# Help!  Lipstick Swatches



## SnowWhiteQueen (Mar 21, 2007)

Hey!  Can someone swatch any of the following lipsticks on unlined lips?  I need some help deciding what looks good! I've kinda narrowed it down to these:  

Sweetie
Angel
Chic
Lovelorn
Creme de la Femme
Up the Amp
3D
Lame
Eden Rocks
Plum Dandy 
Sandy B
Gel

Yikes - Long list!  Any help is appreciated. Thanks!


----------



## bjorne_again (Mar 21, 2007)

HTH!


----------



## divaster (Mar 21, 2007)

Eden Rocks ( I wish I could take pictures as nice as bjorn_again!)


----------



## MAC is love (Mar 27, 2007)

I did Eden Rocks for you, unlined lips like you asked.
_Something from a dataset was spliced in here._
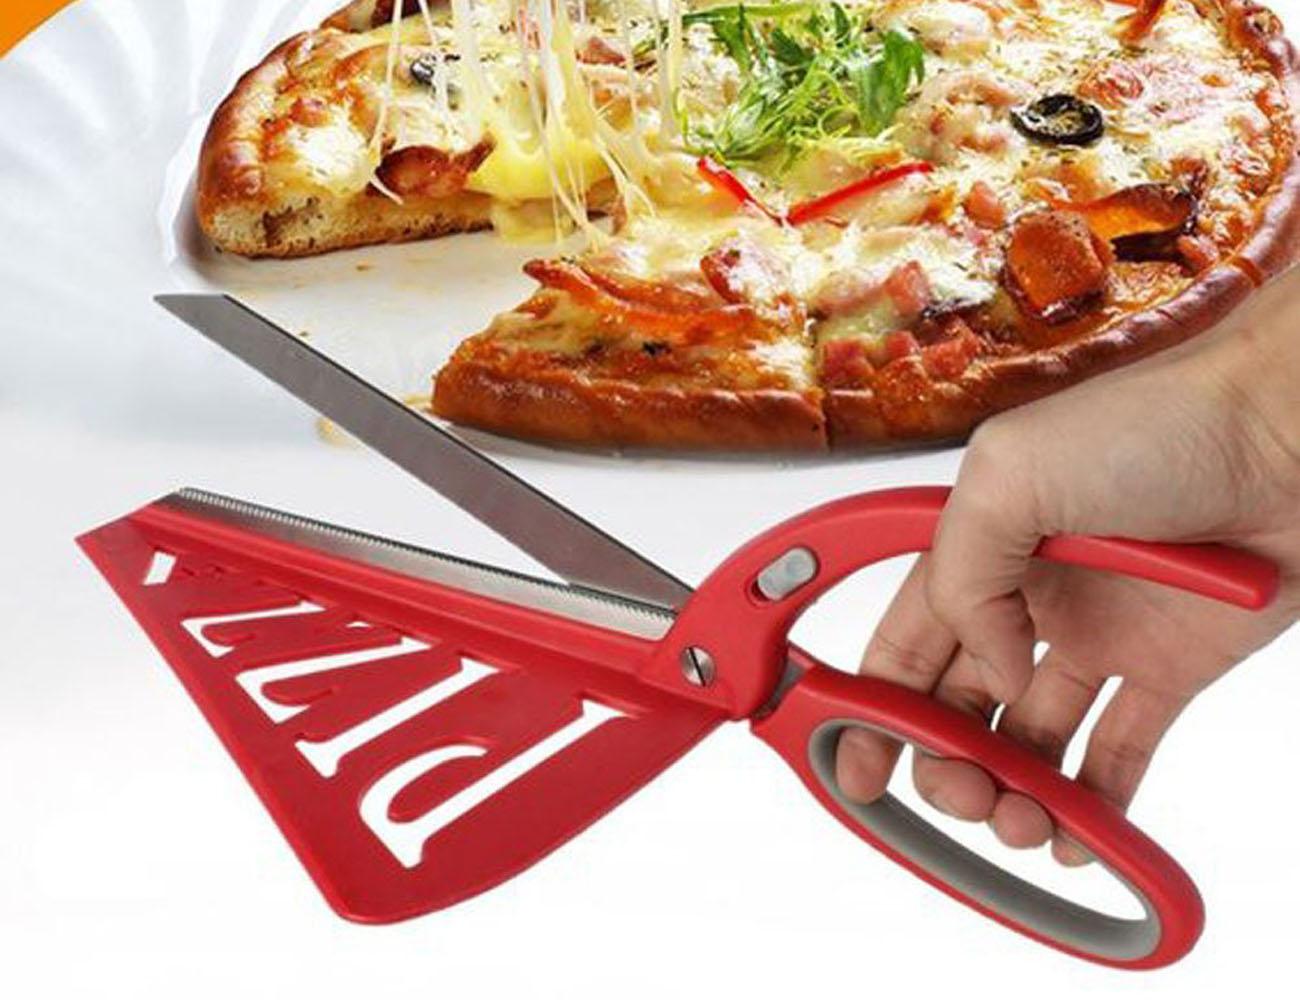 Pizza Scissors by Sagaform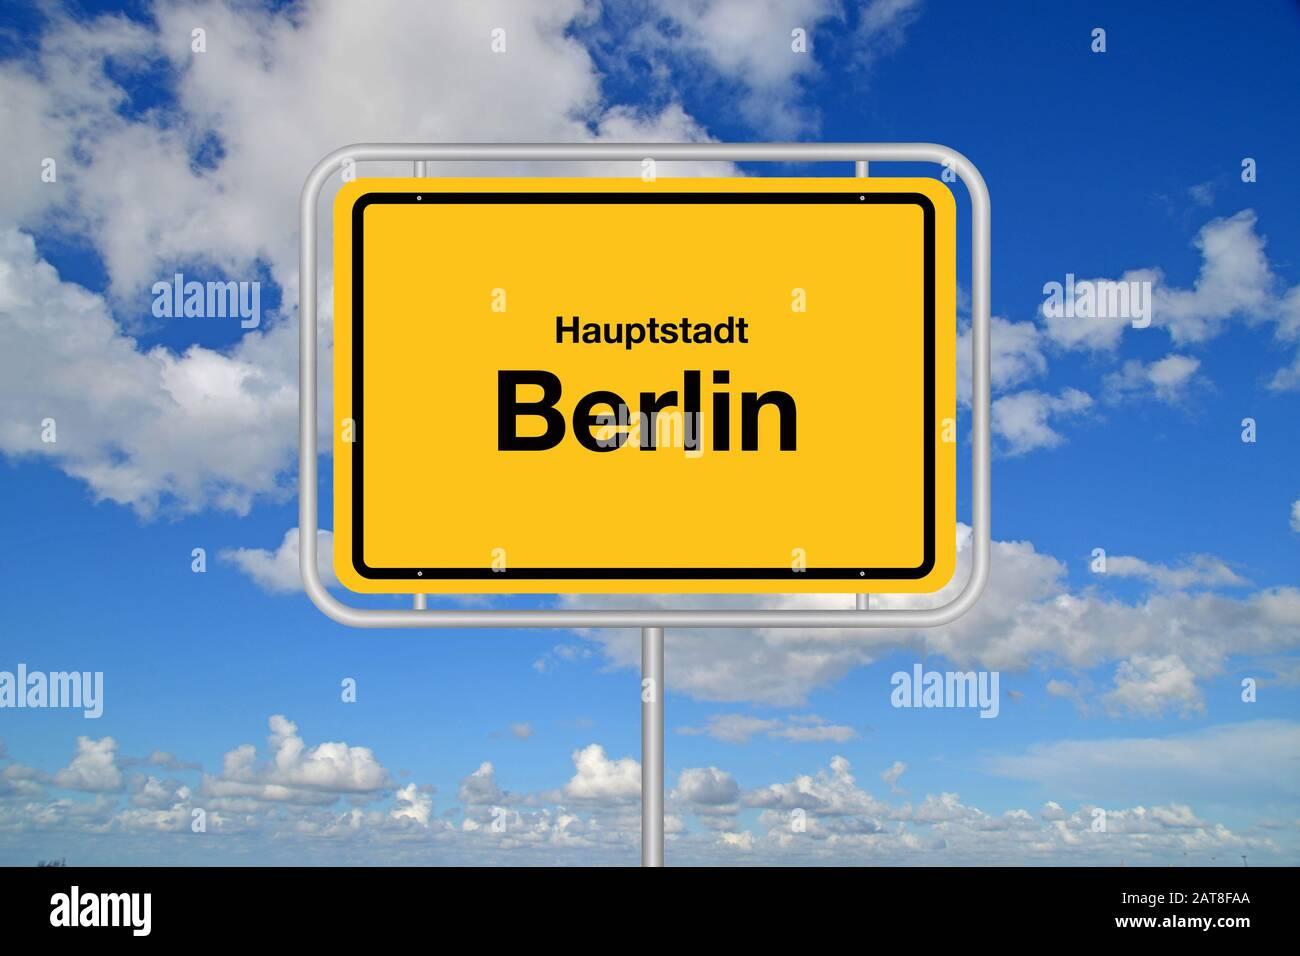 city sign Hauptstadt Berlin, capital Berlin against blue cloudy sky, Germany, Berlin Stock Photo

I am an NC 25/30...if that helps


----------



## Luxurious (May 13, 2007)

lovelorn on unlined lips, room light, no flash




lovelorn on unlined lips, with flash


----------



## styrch (May 13, 2007)

Not a great pic, but this is Chic on me (NC15 with pigmented lips). I may have used a liner (probably burgundy if I did). Pic was taken a while ago.


----------